Love in the Time of HDTV

Woody Allen’s Alfie in Annie Hall, a known bit of wisdom: a relationship is like a dead shark. It has to keep moving or it dies.

Annie Hall can be a favorite movie, easily. The AFI Top 100 list thinks so. I think so! Why do I think so? In a “sentence”: against a constellation of other New York love stories like When Harry Met Sally or Moonstruck – stories I fell for during that impressionable period of my life when all my dreams were of living in the city and celebrating love in Central Park – Annie Hall is an ode to a relationship that collapses. Furthermore, this love collapses for no single catacylsmic reason; Woody and Diane are just not right for each other. They take many moons to realize this, and it’s all sort of amicable and quiet, really, and maybe you cry at the end because of how un-shocking the fall is. How pedestrian, how almost-predictable, how see-able from the outside, how familiar: their story began. The beginning of the movie is the courtship and the coyness. The end – rather logically if you think about it! – is what went wrong.

Other movies that are this story: 500 Days of Summer. Mike Birbiglia’s fabulous new piece Sleepwalk with Me. Sarah Polley’s Take This Waltz, last summer’s Like Crazy. As an amateur scholar of the American romantic comedy, I think it is still quite rare and surprising to watch a relationship movie in which the real story is how great love unspools and meet its maker. The joy in being witness to this not-so-phenomenon is twofold, for me: 1) this has happened to me! In fact, this is “what really happens!” 2) (entre Debbie Downer) mostly, statistically, this happens more often than the Big Kiss on the top of the Empire State Building. In your life, maybe you’ve been lucky enough to feel deep, earth-shaking love. Maybe you’re still in it. But more likely you’ve felt it and seen it expire. More likely you’ve spent hours going over and over your mistakes, assigning blame, basic stalking…it’s almost cathartic, if you think about it, watching a movie where the people don’t end up together. You get to see from the outside why it doesn’t work! Just like your friends usually can and do and don’t say, what a privilege! What a curious solace, to know you’re not the only person who feels they royally screwed up something wonderful, or hurt someone, or let happiness steal from their room in the night! We are all like this. So really, we’re all profoundly un-alone at the end of the REAL STORY. Your love failed and so did mine. Ta-da…

*MANY SPOILER ALERTS*…

The morality of the rom-com, now; I have some words and feelings for Cindy Chupack and Darrin Starr and Sarah Jessica Parker. They created a cultural zeitgeist in the late 90s that really had too much impact on my life. Overheard in real time at this very cafe I write in: “That is such a CHARLOTTE thing to say! He’s Jewish, too!”

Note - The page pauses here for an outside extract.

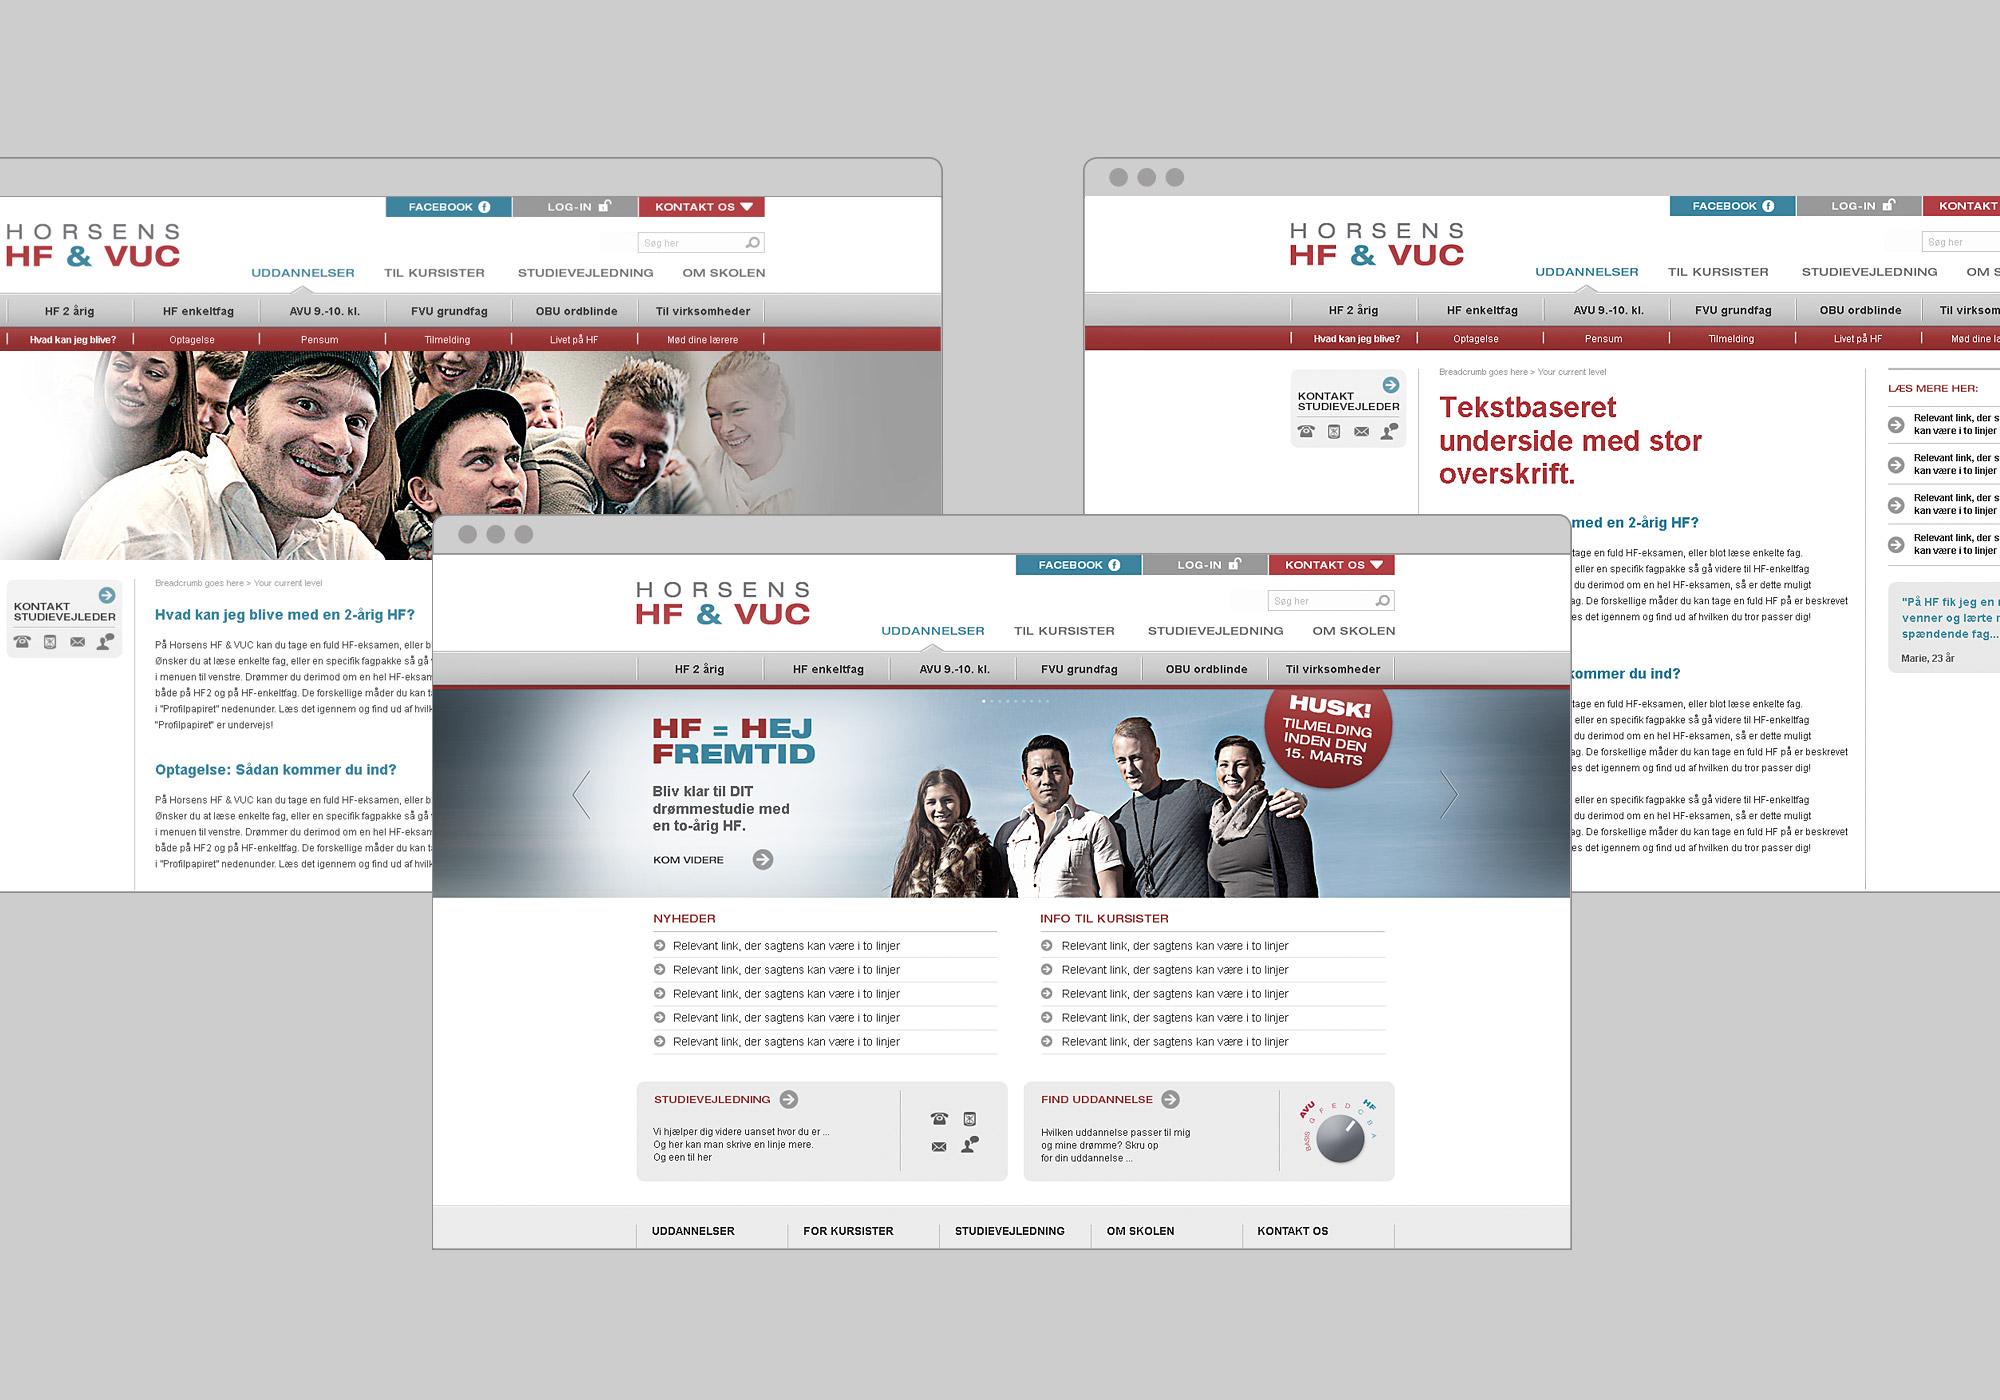 Horsens-website.jpg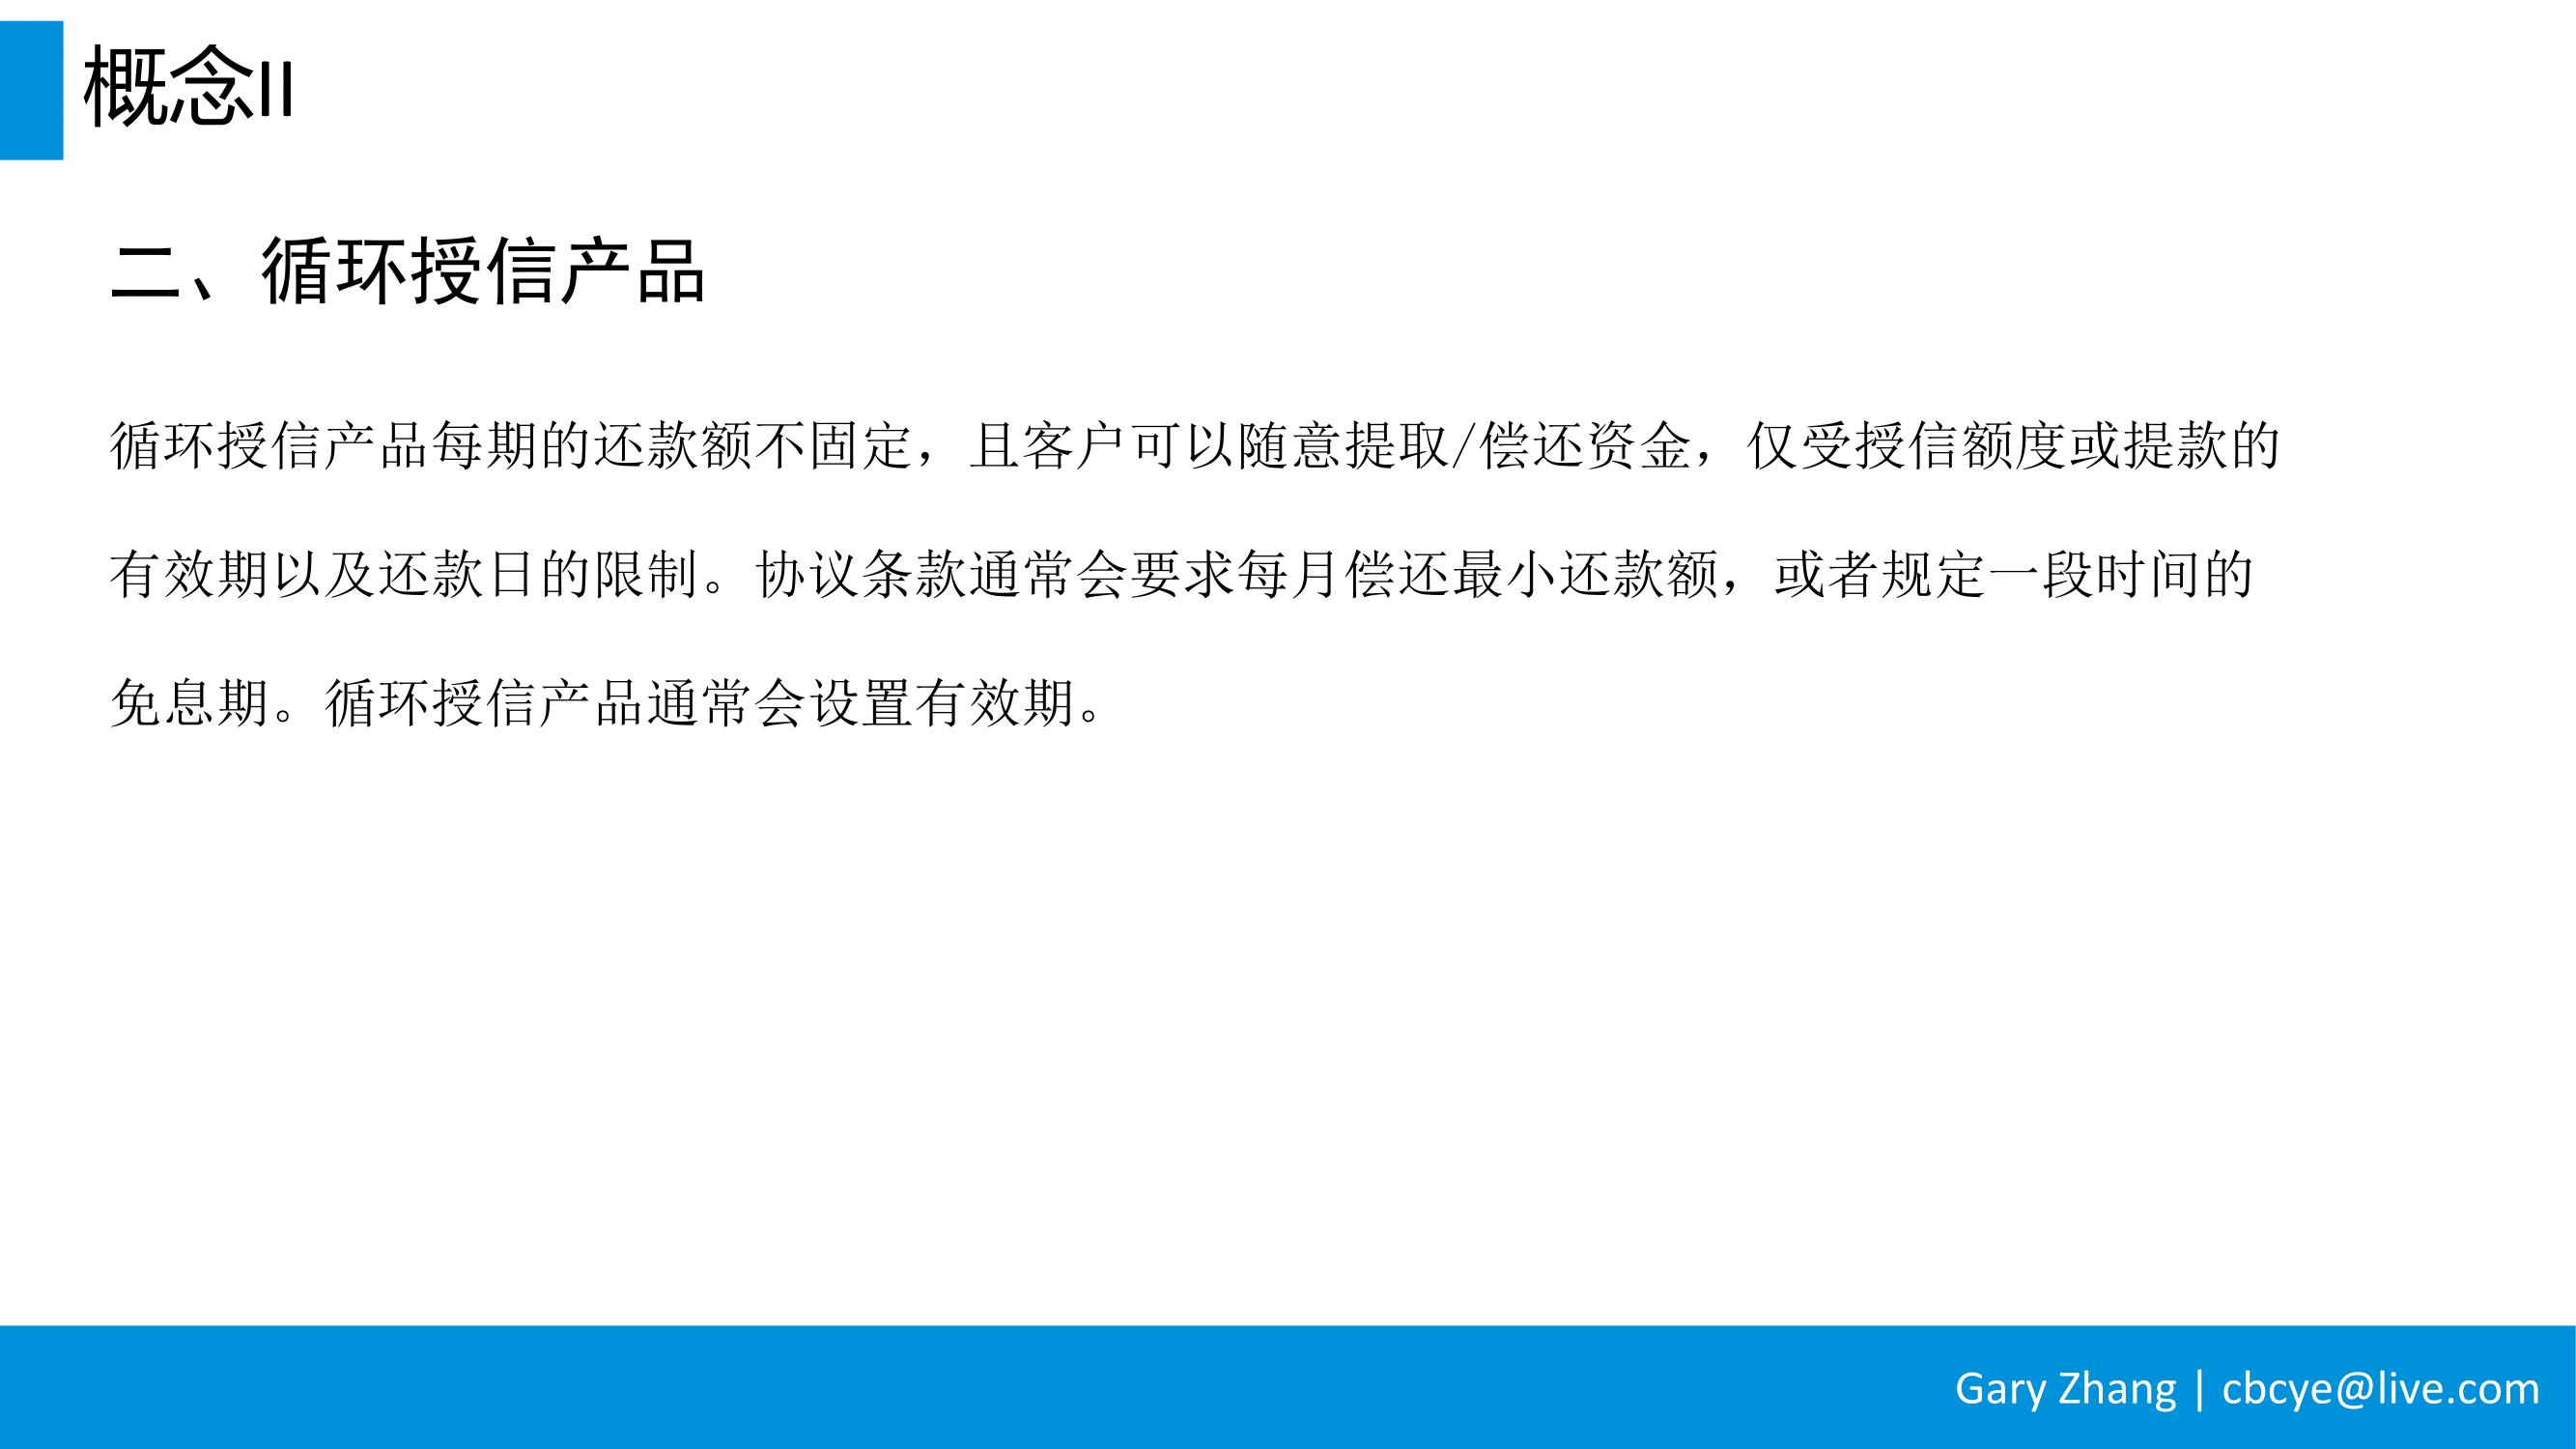 消费金融业务全流程指南_v1.0-012

If you also thought it was suddenly okay to buy a tutu in 2004 and start writing personal essays with a lot of rhetorical questions scattered in, maybe you don’t want to admit how much Sex and the City shaped your particular idea of love in New York. But here’s the clincher: so we spent six seasons and two feature films watching a woman (Carrie Bradshaw) pursue a man (Mr. Big) who was just wrong for her, just totally wrong, and sometimes it seemed like she saw this and other times her friends did but in the end he saved her, on a bridge, in Paris, in the end they kissed sweetly and the credits rolled. To an extent, I do understand my militant feminist friends and their cries of HOW DARE WE SHOW THIS TO YOUNG GIRLS! I assign certain of my delusional faculties to SJP and SJP alone. Because in this love story, you are privy to the realism (in parcels) and the complexity implicit in years of history with another person – only things still work out in the end. They work out in the end with dreamy aplomb, and with a seeming disregard for the errors and awfuls that shaped Carrie-Big (Barry? Cig?) and would seem to doom a relationship existing in the real world. Another example here is the end of Arthur, where a smitten Liza Minelli takes on the UNDENIABLY ALCOHOLIC Dudley Moore like a nurse accepting a ward. Red friggin flags, you guys. I love this show and that movie fiercely but I’ve been noticing this compulsion I have to separate the realist cinema’s intentions from the escapist-cinema’s intentions: what does it mean to peddle art that walks and talks like real life but ends in fantasy? Or vice versa? Isn’t there an obligation to we the impressionable in such story-telling? Not that I’ve ever really mistaken a Meg Ryan movie for a documentary, but still…

Take our girl Lena Dunham. She’s a hot-button lady these days because she is making money in realism-cinema, and for my part Girls feels so close to home it preempts my theatrical distance, even enjoyment. Yet I watch Sex and the City and am prompted to ask myself what it is I want from romantic comedies in the first place. Is it that assurance that damage is universal, or is it the clearly fabricated coziness of love against ALL THE ODDS? Against emotional stuntedness or ALCOHOLISM? Making it personal, now. What do you want, B? What do you see? What do you think is true, or hopeful, in these stories, to your life?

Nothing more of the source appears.